Codemasters’ F1 series does a similar thing to a lot of sports franchises, and that is, they release a game every year with a few tweaks to make it better. With people moving around a pitch or a court, this is evident, but with a racing game, if they haven’t changed much in the actual sport, there’s not much Codies can do to make this latest game feel fresh

It’s good, then, that they’ve included a classics mode which lets you race any of five cars from the 80s across two tracks and wear a big moustache as Nigel Mansell in a Ferrari! Not only does the look change to a more sepia feel to convince us that these are races from the past, but the cars handle differently too. They’re less like spacecraft and more like machines to be wrestled into submission by men, and each of the cars from the various teams handle very differently. It’s nice to see this retro feel and you can also get the 90s pack thanks to some DLC, however it would have been nice if these modes offered more, as for me, they’re actually more interesting than driving what is basically just a computer on wheels.

As usual, the graphics, circuits and sound effects across the Grand Prix and Career modes are spot on and you can adjust your car to shave off extra milliseconds from your lap times.

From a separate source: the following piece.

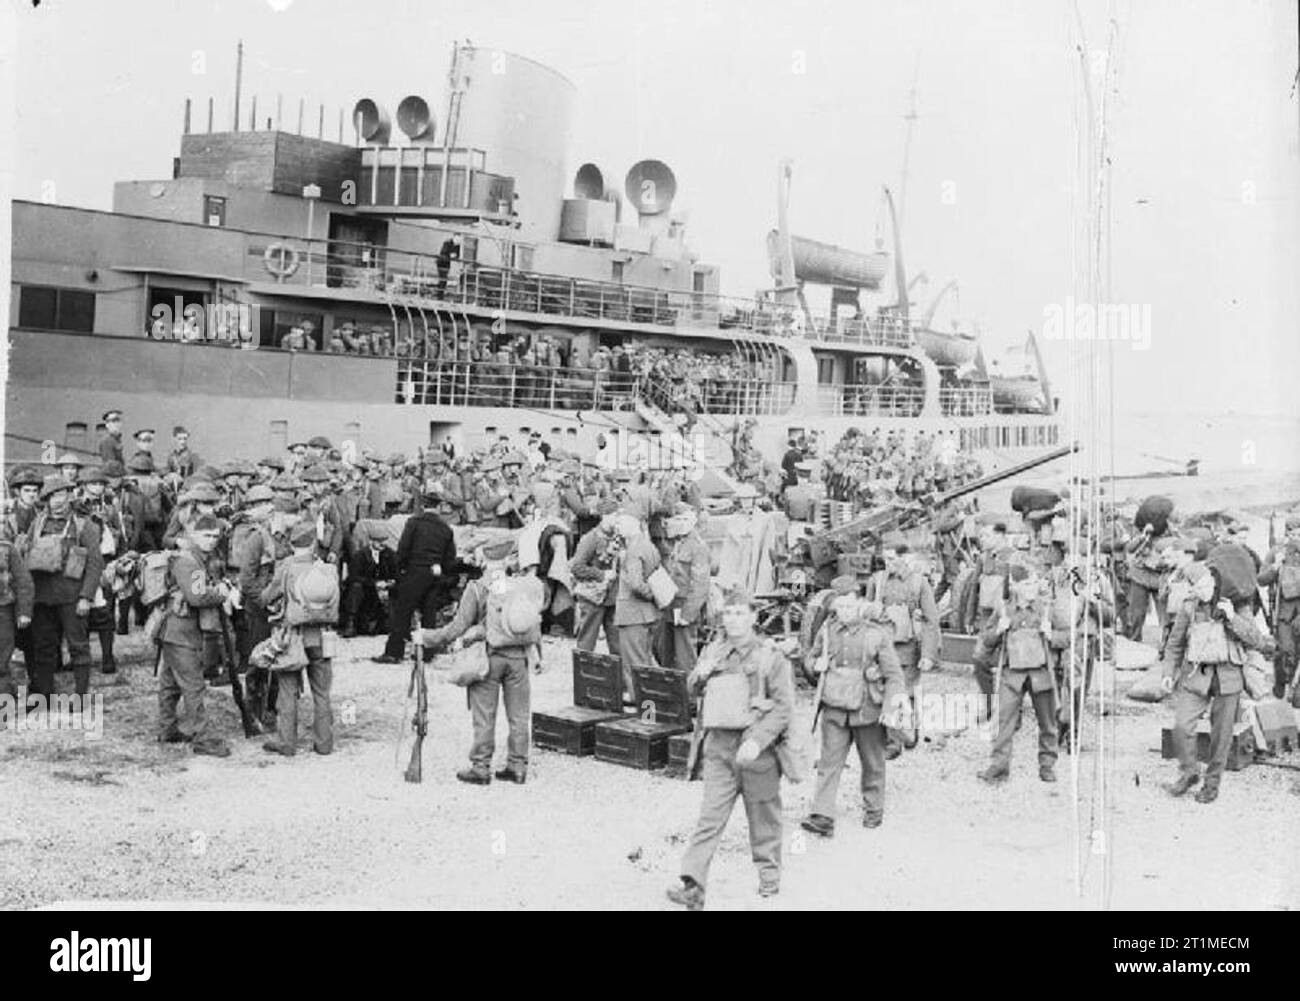 The British Expeditionary Force (bef) in France 1939-1940 The BEF arrives in France, September - October 1939: Men of the 2nd Battalion, Royal Inniskilling Fusiliers disembark from the former passenger ferry ROYAL SOVEREIGN at Cherbourg. Stock Photo

You’ll also incur penalties for unsportsmanlike driving or be disqualified or have time added on to your race for cutting corners. And it’s this ‘behave yourself’ attitude that bores me. It’s not really a fault of the game, more of the pitfalls of making a simulation of a sport I find to be far too clinical in the first place.

If you’re really, really into F1, you’re going to see this as an essential purchase, however, if you do have the 2012 game it’s best to consider how much you’re willing to spend on what is essentially just a new classic game mode from the 80s and updated team rosters. If the answer isn’t $40 or more, I wouldn’t bother. F1 2013 gets 7 out of 10.